--- Provided records ---

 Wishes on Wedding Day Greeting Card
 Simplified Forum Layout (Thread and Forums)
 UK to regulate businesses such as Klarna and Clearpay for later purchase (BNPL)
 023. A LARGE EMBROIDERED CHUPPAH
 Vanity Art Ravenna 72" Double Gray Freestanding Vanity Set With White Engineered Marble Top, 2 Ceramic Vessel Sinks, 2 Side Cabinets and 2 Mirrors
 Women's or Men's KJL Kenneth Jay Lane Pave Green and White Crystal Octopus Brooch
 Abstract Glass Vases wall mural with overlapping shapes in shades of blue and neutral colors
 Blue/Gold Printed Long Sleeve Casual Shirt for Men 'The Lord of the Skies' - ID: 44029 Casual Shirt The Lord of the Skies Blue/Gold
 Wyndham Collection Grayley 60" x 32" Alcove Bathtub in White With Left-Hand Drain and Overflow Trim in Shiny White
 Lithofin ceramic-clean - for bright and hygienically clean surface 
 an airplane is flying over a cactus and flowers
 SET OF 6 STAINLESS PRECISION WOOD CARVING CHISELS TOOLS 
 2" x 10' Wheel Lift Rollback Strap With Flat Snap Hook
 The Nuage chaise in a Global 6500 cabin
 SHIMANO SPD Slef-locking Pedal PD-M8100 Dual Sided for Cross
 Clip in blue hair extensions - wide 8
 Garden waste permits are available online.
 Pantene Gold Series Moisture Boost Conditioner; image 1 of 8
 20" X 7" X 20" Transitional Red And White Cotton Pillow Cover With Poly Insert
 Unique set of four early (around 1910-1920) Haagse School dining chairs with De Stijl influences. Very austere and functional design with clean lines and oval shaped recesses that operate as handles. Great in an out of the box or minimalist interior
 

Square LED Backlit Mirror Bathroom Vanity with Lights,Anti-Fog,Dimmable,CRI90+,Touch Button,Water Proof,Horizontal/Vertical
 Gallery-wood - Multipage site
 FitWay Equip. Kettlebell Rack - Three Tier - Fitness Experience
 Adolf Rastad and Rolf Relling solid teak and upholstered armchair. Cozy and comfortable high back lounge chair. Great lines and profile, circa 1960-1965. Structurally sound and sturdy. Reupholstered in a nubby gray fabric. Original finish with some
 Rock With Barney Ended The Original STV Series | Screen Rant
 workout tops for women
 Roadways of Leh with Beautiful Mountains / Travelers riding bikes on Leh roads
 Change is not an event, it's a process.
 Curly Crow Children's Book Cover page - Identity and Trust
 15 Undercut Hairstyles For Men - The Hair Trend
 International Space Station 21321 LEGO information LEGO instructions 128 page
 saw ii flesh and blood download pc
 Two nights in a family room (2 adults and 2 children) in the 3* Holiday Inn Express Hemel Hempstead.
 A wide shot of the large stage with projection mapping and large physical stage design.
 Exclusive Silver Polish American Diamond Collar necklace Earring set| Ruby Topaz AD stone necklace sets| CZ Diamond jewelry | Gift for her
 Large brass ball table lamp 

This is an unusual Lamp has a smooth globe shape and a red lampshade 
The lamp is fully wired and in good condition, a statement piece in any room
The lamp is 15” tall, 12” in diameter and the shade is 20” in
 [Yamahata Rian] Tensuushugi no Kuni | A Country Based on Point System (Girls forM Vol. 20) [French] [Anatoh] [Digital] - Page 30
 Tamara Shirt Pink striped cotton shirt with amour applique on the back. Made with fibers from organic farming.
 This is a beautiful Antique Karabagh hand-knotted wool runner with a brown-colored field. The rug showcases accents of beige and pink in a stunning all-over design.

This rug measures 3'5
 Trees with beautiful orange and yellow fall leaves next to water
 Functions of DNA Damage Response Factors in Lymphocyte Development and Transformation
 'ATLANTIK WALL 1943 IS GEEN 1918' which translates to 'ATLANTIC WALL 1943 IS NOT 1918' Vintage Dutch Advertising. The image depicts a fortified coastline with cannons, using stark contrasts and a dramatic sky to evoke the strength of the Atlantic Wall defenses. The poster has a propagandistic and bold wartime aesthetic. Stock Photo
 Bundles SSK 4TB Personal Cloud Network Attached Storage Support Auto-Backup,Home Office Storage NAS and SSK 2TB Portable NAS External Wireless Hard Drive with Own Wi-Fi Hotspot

---

● **How to complete this task**
Set down the full listing once more, exactly as written.

● **Your response**
 Wishes on Wedding Day Greeting Card
 Simplified Forum Layout (Thread and Forums)
 UK to regulate businesses such as Klarna and Clearpay for later purchase (BNPL)
 023. A LARGE EMBROIDERED CHUPPAH
 Vanity Art Ravenna 72" Double Gray Freestanding Vanity Set With White Engineered Marble Top, 2 Ceramic Vessel Sinks, 2 Side Cabinets and 2 Mirrors
 Women's or Men's KJL Kenneth Jay Lane Pave Green and White Crystal Octopus Brooch
 Abstract Glass Vases wall mural with overlapping shapes in shades of blue and neutral colors
 Blue/Gold Printed Long Sleeve Casual Shirt for Men 'The Lord of the Skies' - ID: 44029 Casual Shirt The Lord of the Skies Blue/Gold
 Wyndham Collection Grayley 60" x 32" Alcove Bathtub in White With Left-Hand Drain and Overflow Trim in Shiny White
 Lithofin ceramic-clean - for bright and hygienically clean surface 
 an airplane is flying over a cactus and flowers
 SET OF 6 STAINLESS PRECISION WOOD CARVING CHISELS TOOLS 
 2" x 10' Wheel Lift Rollback Strap With Flat Snap Hook
 The Nuage chaise in a Global 6500 cabin
 SHIMANO SPD Slef-locking Pedal PD-M8100 Dual Sided for Cross
 Clip in blue hair extensions - wide 8
 Garden waste permits are available online.
 Pantene Gold Series Moisture Boost Conditioner; image 1 of 8
 20" X 7" X 20" Transitional Red And White Cotton Pillow Cover With Poly Insert
 Unique set of four early (around 1910-1920) Haagse School dining chairs with De Stijl influences. Very austere and functional design with clean lines and oval shaped recesses that operate as handles. Great in an out of the box or minimalist interior
 

Square LED Backlit Mirror Bathroom Vanity with Lights,Anti-Fog,Dimmable,CRI90+,Touch Button,Water Proof,Horizontal/Vertical
 Gallery-wood - Multipage site
 FitWay Equip. Kettlebell Rack - Three Tier - Fitness Experience
 Adolf Rastad and Rolf Relling solid teak and upholstered armchair. Cozy and comfortable high back lounge chair. Great lines and profile, circa 1960-1965. Structurally sound and sturdy. Reupholstered in a nubby gray fabric. Original finish with some
 Rock With Barney Ended The Original STV Series | Screen Rant
 workout tops for women
 Roadways of Leh with Beautiful Mountains / Travelers riding bikes on Leh roads
 Change is not an event, it's a process.
 Curly Crow Children's Book Cover page - Identity and Trust
 15 Undercut Hairstyles For Men - The Hair Trend
 International Space Station 21321 LEGO information LEGO instructions 128 page
 saw ii flesh and blood download pc
 Two nights in a family room (2 adults and 2 children) in the 3* Holiday Inn Express Hemel Hempstead.
 A wide shot of the large stage with projection mapping and large physical stage design.
 Exclusive Silver Polish American Diamond Collar necklace Earring set| Ruby Topaz AD stone necklace sets| CZ Diamond jewelry | Gift for her
 Large brass ball table lamp 

This is an unusual Lamp has a smooth globe shape and a red lampshade 
The lamp is fully wired and in good condition, a statement piece in any room
The lamp is 15” tall, 12” in diameter and the shade is 20” in
 [Yamahata Rian] Tensuushugi no Kuni | A Country Based on Point System (Girls forM Vol. 20) [French] [Anatoh] [Digital] - Page 30
 Tamara Shirt Pink striped cotton shirt with amour applique on the back. Made with fibers from organic farming.
 This is a beautiful Antique Karabagh hand-knotted wool runner with a brown-colored field. The rug showcases accents of beige and pink in a stunning all-over design.

This rug measures 3'5
 Trees with beautiful orange and yellow fall leaves next to water
 Functions of DNA Damage Response Factors in Lymphocyte Development and Transformation
 'ATLANTIK WALL 1943 IS GEEN 1918' which translates to 'ATLANTIC WALL 1943 IS NOT 1918' Vintage Dutch Advertising. The image depicts a fortified coastline with cannons, using stark contrasts and a dramatic sky to evoke the strength of the Atlantic Wall defenses. The poster has a propagandistic and bold wartime aesthetic. Stock Photo
 Bundles SSK 4TB Personal Cloud Network Attached Storage Support Auto-Backup,Home Office Storage NAS and SSK 2TB Portable NAS External Wireless Hard Drive with Own Wi-Fi Hotspot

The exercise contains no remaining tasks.